La risposta onesta è che sono pochi, e che questo numero non è in crescita. Ma esiste, e questo conta. Esistono atleti che si inginocchiano, attivisti che rifiutano finanziamenti corrotti, credenti di ogni tradizione che trovano nella fede non un alibi per l’odio ma una spina dorsale per la giustizia. Non sono abbastanza per cambiare il mondo da soli, ma sono abbastanza da far capire che il cambiamento è possibile, che la storia non è scritta in anticipo, che c’è sempre la possibilità di un altro Ali che a ventiquattro anni decide che il nome di uno schiavo non è il suo nome e che la guerra di qualcun altro non è la sua guerra.

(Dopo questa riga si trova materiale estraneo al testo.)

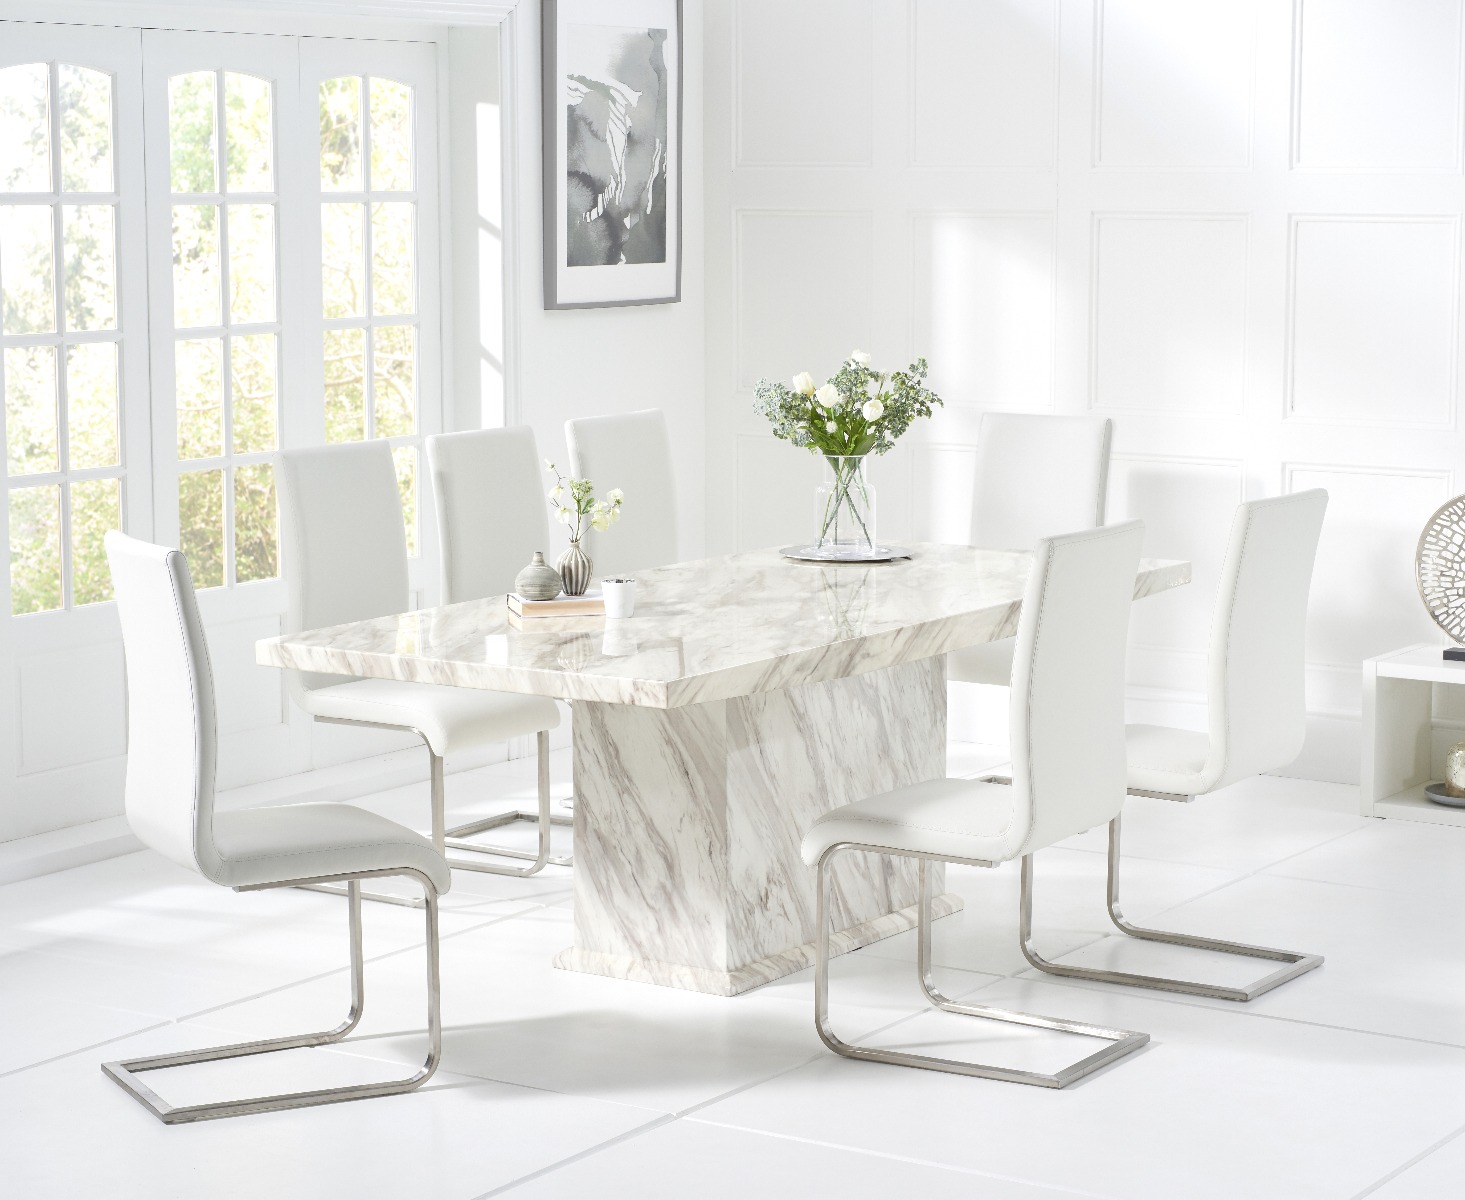 Calacatta 220cm Marbleeffect Dining Table With 6 White Malaga Chairs

Ali ha lasciato un testamento morale che non ha bisogno di essere codificato in una dottrina o custodito da un’istituzione per sopravvivere: fede senza ipocrisia, coraggio senza violenza, orgoglio senza odio, la capacità di guardare il sistema negli occhi e dirgli no con tutta la chiarezza di chi sa esattamente perché lo fa. Ha ricordato a tutti che non serve un’arma per essere un combattente ma serve una coscienza, e che la coscienza, quando è vera, è la cosa più costosa del mondo, quella che il mercato non sa comprare e che il potere non sa spegnere del tutto, anche quando si impegna con tutte le risorse che ha.
Il ragazzo di Louisville che non voleva chiamarsi con il nome di uno schiavo ha finito per dare il suo nome a un’intera generazione di ribelli con una causa, da Kaepernick in poi, dimostrando che la fede, quella autentica, non è rifugio dalla storia ma immersione dentro di essa, con i guantoni allacciati e gli occhi aperti.